Multiple Imputation: A Flexible Tool for Handling Missing Data

Author Affiliations
  • 1Office of Energetics and Nutrition Obesity Research Center, University of Alabama at Birmingham
  • 2Department of Biostatistics, School of Public Health, University of Alabama at Birmingham
  • 3Departments of Mental Health, Biostatistics, and Health Policy and Management, Johns Hopkins Bloomberg School of Public Health, Baltimore, Maryland
JAMA. 2015;314(18):1966-1967. doi:10.1001/jama.2015.15281

In this issue of JAMA, Asch et al1 report results of a cluster randomized clinical trial designed to evaluate the effects of physician financial incentives, patient incentives, or shared physician and patient incentives on low-density lipoprotein cholesterol (LDL-C) levels among patients with high cardiovascular risk.

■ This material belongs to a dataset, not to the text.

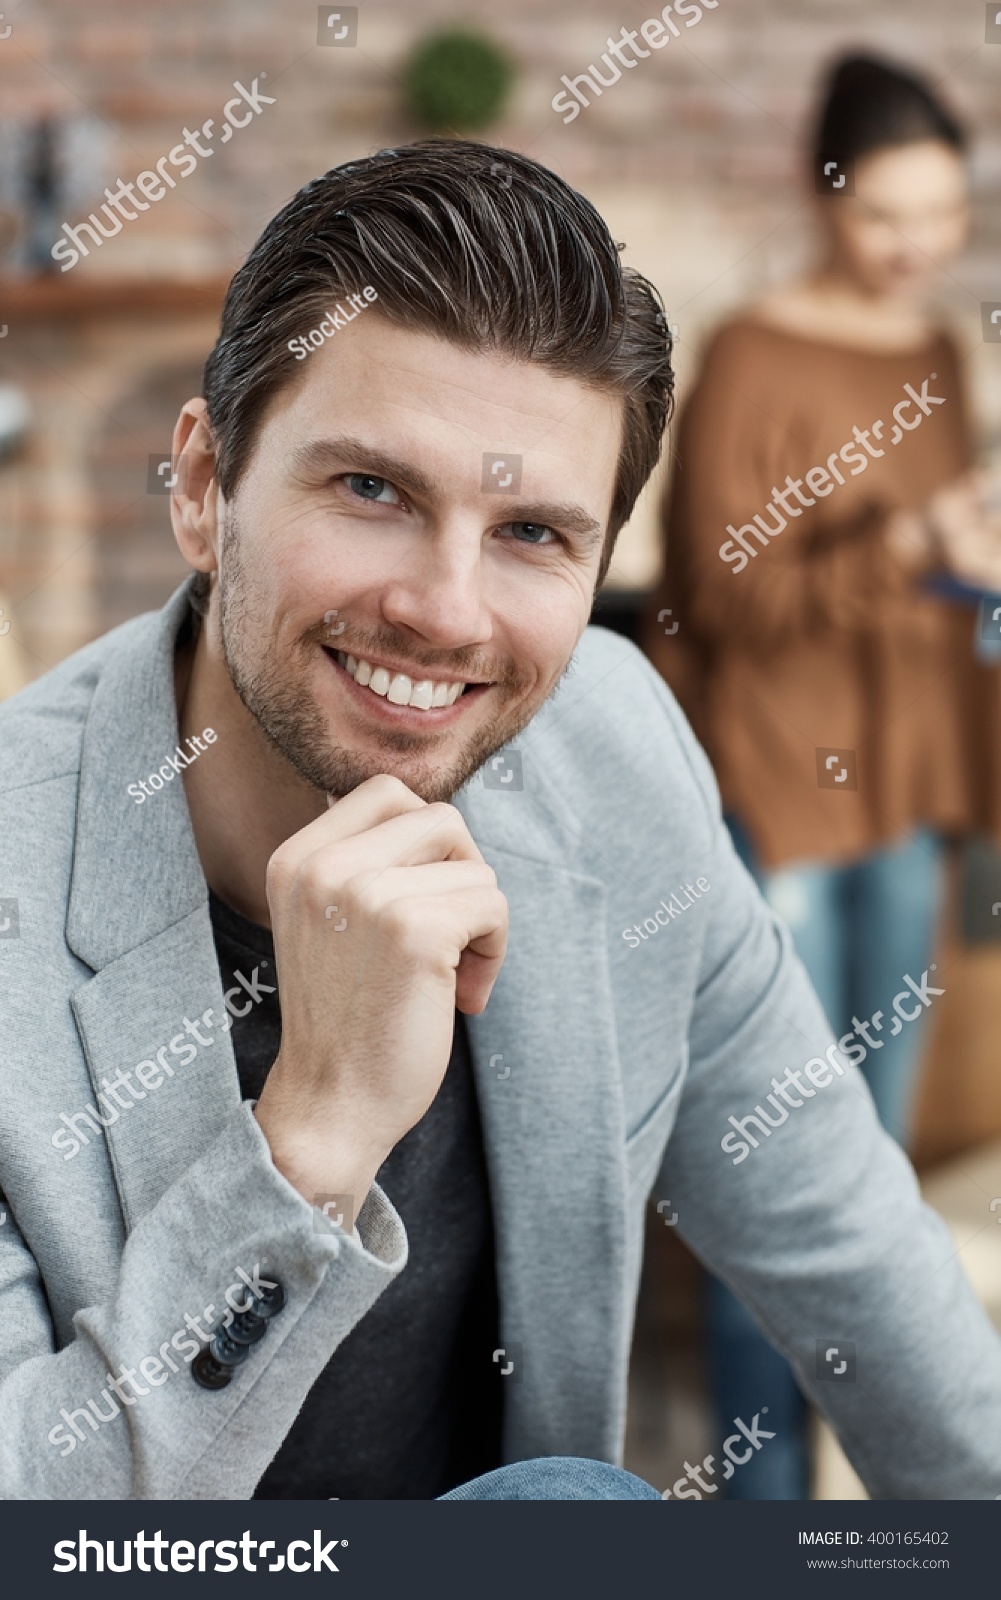 Save to a lightbox - stock-photo-portrait-of-confident-young-businessman-smiling-happy-hand-on-chin-400165402

Because 1 or more follow-up LDL-C measurements were missing for approximately 7% of participants, Asch et al used multiple imputation (MI) to analyze their data and concluded that shared financial incentives for physicians and patients, but not incentives to physicians or patients alone, resulted in the patients having lower LDL-C levels. Imputation is the process of replacing missing data with 1 or more specific values, to allow statistical analysis that includes all participants and not just those who do not have any missing data.